Я не согласен, не согласен:
Я жил, любил и был любим.
Я был смешон и был опасен,
Я был желанен и гоним.
Я видел, чувствовал, смеялся,
Был добрым, равнодушным, злым,
Я ненавидел, восхищался,
Я не хочу… но, полно. Дым…
Да, да , лишь дым над кучкой пепла,
Над целым миром. Им был я.
Дай Бог, чтобы душа окрепла,
Чтоб кто-то знал, что жил и я.

Да, стихотворение. Прокрутил в памяти до боли знакомые строки…А.черт! Между строк, расталкивая буквы, лезло и перло что-то тоже очень знакомое, но не его, не им написанное, не им: « Живет, мол, такой, Петр Иваныч Бобчинский … Бобчинский, Бобчинский…» Да-а, дела. Проклятый Гоголь-моголь! И тут объехал. Накропал уже. Опередил. И кого? Его! Которого так любят все! ( Черт, и это откуда-то! Ведь где-то было уже. Со всех сторон обложили.) Куда ни кинь- всюду клин. Шустряки тоже.
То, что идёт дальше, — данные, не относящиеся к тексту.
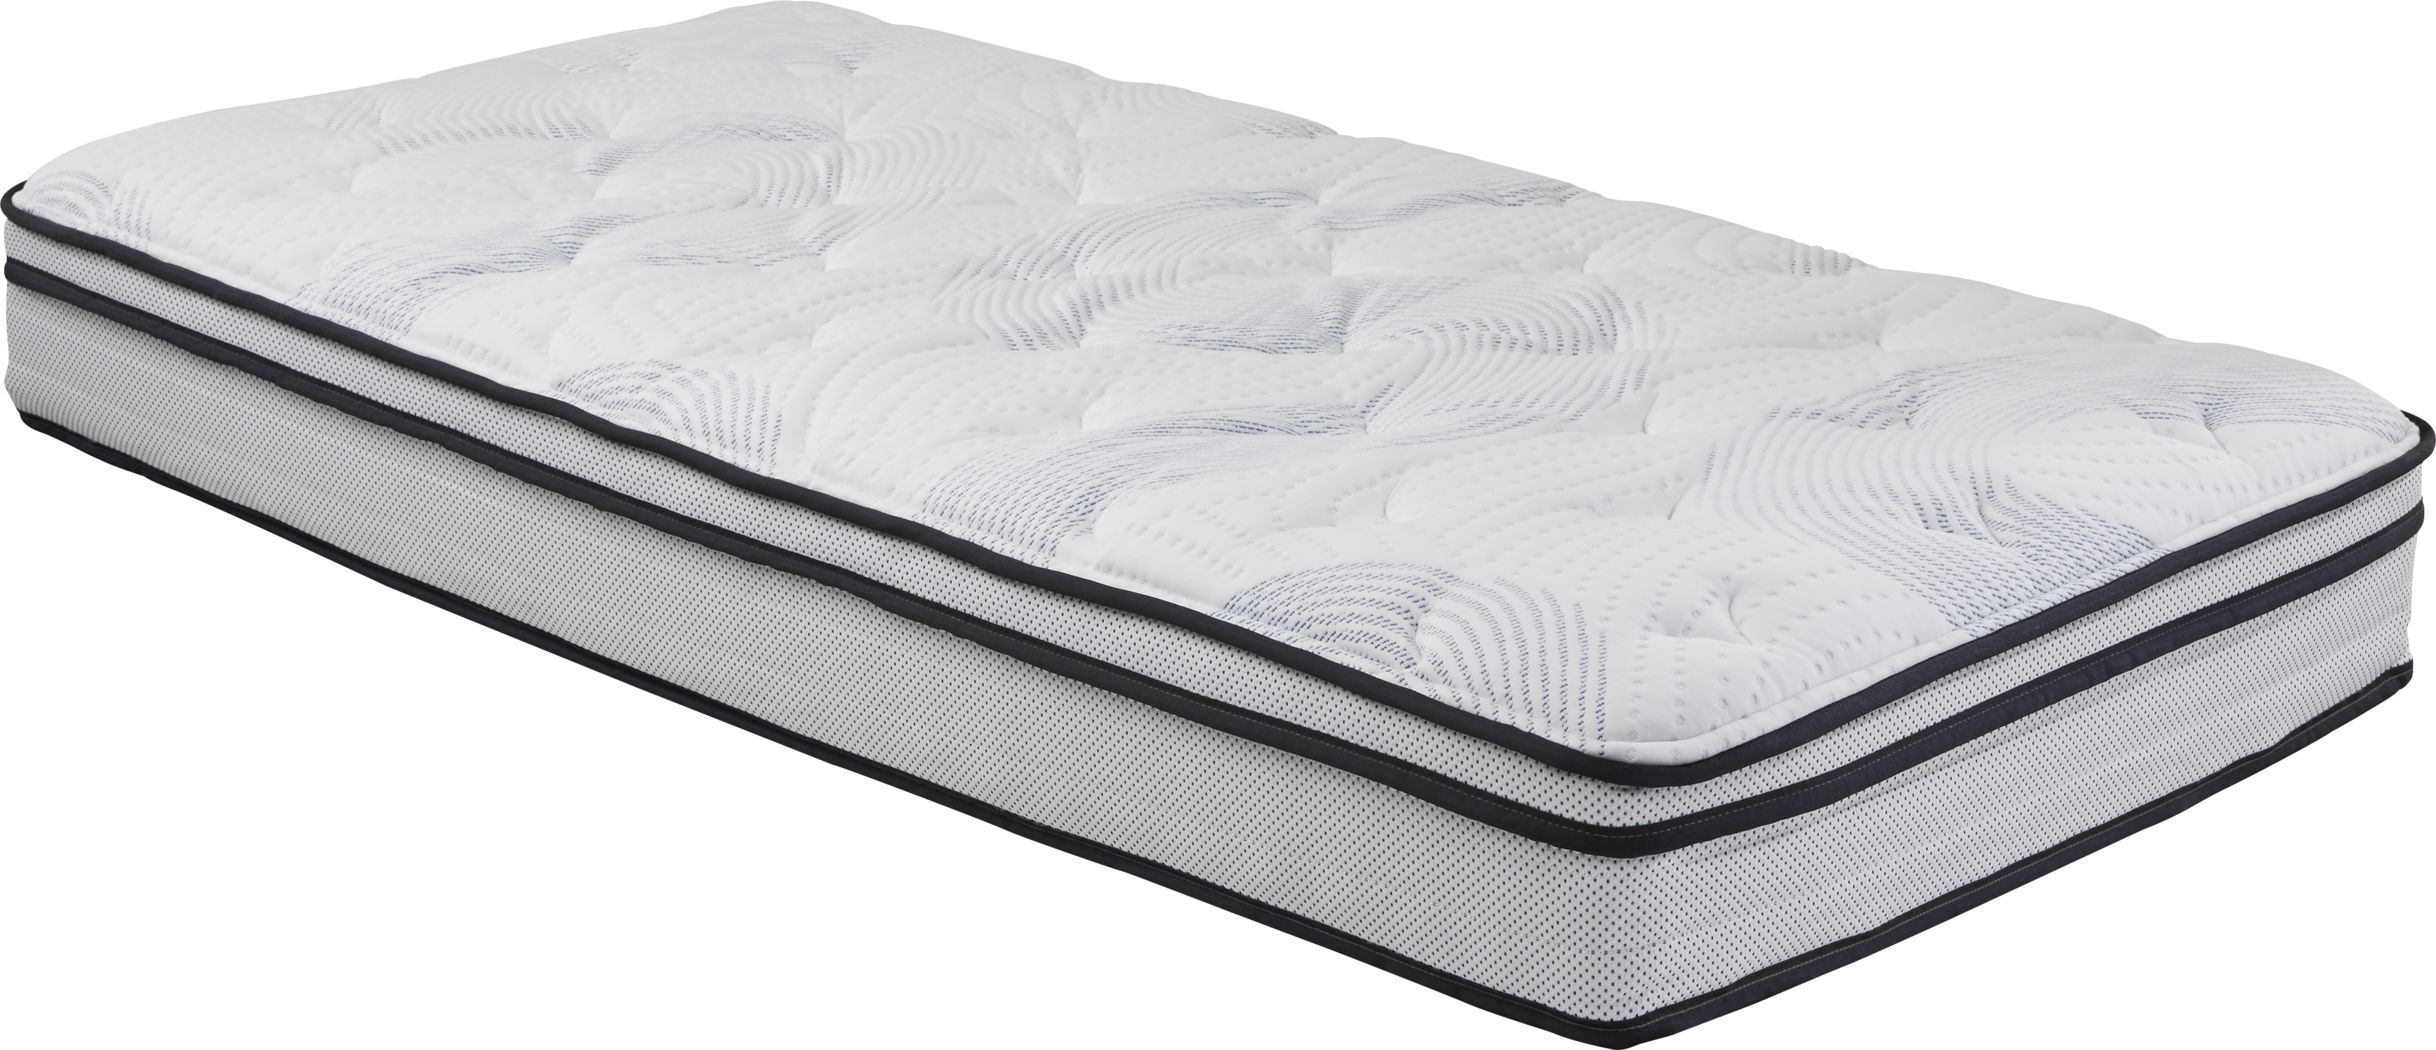 twin size mattress houston

И начал было писать. Потом - опалившая мысль – Да кому это на хер все нужно! Пиши не пиши, один хрен, да и писали уже, да и о чем, собственно? Что он старый дурак, так это и так ясно.( Ах, как хорошо это он ввернул, про старого дурака! Пусть все знают, как он беспощаден к себе.) А ежели это все так ничтожно, бессмысленно и смешно, то, тогда, зачем вообще все? Боже мой, Боже, Великий Боже! Смилуйся над нами, графоманами. Даруй и нам каплю радости, ибо чисты мы душою.( Тут бы надо скрестить пальцы и возвести очи горе. Да, так вот.)
… К Новому году получил он премию – сорок тысяч рублей. Долго строил планы- чего накупит : осетрины небольшой кусок, грамм двести( не больше! она такая дорогая) миног маринованных штук пять(тоже в копеечку), соленых рыжиков, армянского овечьего сыра, халвы…
Но… готова уже вторая книжка, плод бессонных ночей. За нее запросили сорок тысяч, ни больше, ни меньше. Что ж  делать-то? Лишиться всего? Жестокая депривация.
… Он вздохнул и понес деньги в издательство.
Не хлебом единым!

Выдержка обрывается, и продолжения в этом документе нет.